(Beginning of Dataset records)
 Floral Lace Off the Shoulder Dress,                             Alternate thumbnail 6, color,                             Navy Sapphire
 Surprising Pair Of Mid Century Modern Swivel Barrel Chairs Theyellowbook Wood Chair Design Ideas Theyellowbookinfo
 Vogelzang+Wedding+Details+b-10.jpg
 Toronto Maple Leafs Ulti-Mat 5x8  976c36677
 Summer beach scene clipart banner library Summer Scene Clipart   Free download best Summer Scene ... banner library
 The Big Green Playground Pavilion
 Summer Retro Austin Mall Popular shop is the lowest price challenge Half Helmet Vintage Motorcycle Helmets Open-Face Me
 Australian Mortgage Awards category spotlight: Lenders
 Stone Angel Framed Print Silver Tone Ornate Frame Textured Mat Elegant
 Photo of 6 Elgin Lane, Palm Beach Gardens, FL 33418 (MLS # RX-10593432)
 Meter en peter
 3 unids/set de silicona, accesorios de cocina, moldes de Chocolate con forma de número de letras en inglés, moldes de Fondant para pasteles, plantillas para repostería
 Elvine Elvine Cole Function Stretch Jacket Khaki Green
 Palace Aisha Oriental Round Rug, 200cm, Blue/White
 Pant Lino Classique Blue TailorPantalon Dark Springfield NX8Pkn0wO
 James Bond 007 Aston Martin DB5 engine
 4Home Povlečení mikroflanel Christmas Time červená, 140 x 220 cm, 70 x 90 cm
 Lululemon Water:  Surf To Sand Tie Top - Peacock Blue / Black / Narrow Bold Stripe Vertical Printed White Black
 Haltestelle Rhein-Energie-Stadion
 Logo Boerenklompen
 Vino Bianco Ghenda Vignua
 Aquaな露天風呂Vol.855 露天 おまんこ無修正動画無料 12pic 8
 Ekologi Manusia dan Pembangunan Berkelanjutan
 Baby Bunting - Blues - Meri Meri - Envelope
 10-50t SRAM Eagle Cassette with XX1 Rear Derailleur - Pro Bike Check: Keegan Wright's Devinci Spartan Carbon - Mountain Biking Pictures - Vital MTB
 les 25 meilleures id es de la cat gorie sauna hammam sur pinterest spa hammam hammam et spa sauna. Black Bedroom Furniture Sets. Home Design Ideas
(End of Dataset records)
_What to work on_
When you reach the line that contains "Stone Angel Framed", stop; output it and every line before it from the start of the data, exactly as written.

_Response for this exercise_
 Floral Lace Off the Shoulder Dress,                             Alternate thumbnail 6, color,                             Navy Sapphire
 Surprising Pair Of Mid Century Modern Swivel Barrel Chairs Theyellowbook Wood Chair Design Ideas Theyellowbookinfo
 Vogelzang+Wedding+Details+b-10.jpg
 Toronto Maple Leafs Ulti-Mat 5x8  976c36677
 Summer beach scene clipart banner library Summer Scene Clipart   Free download best Summer Scene ... banner library
 The Big Green Playground Pavilion
 Summer Retro Austin Mall Popular shop is the lowest price challenge Half Helmet Vintage Motorcycle Helmets Open-Face Me
 Australian Mortgage Awards category spotlight: Lenders
 Stone Angel Framed Print Silver Tone Ornate Frame Textured Mat Elegant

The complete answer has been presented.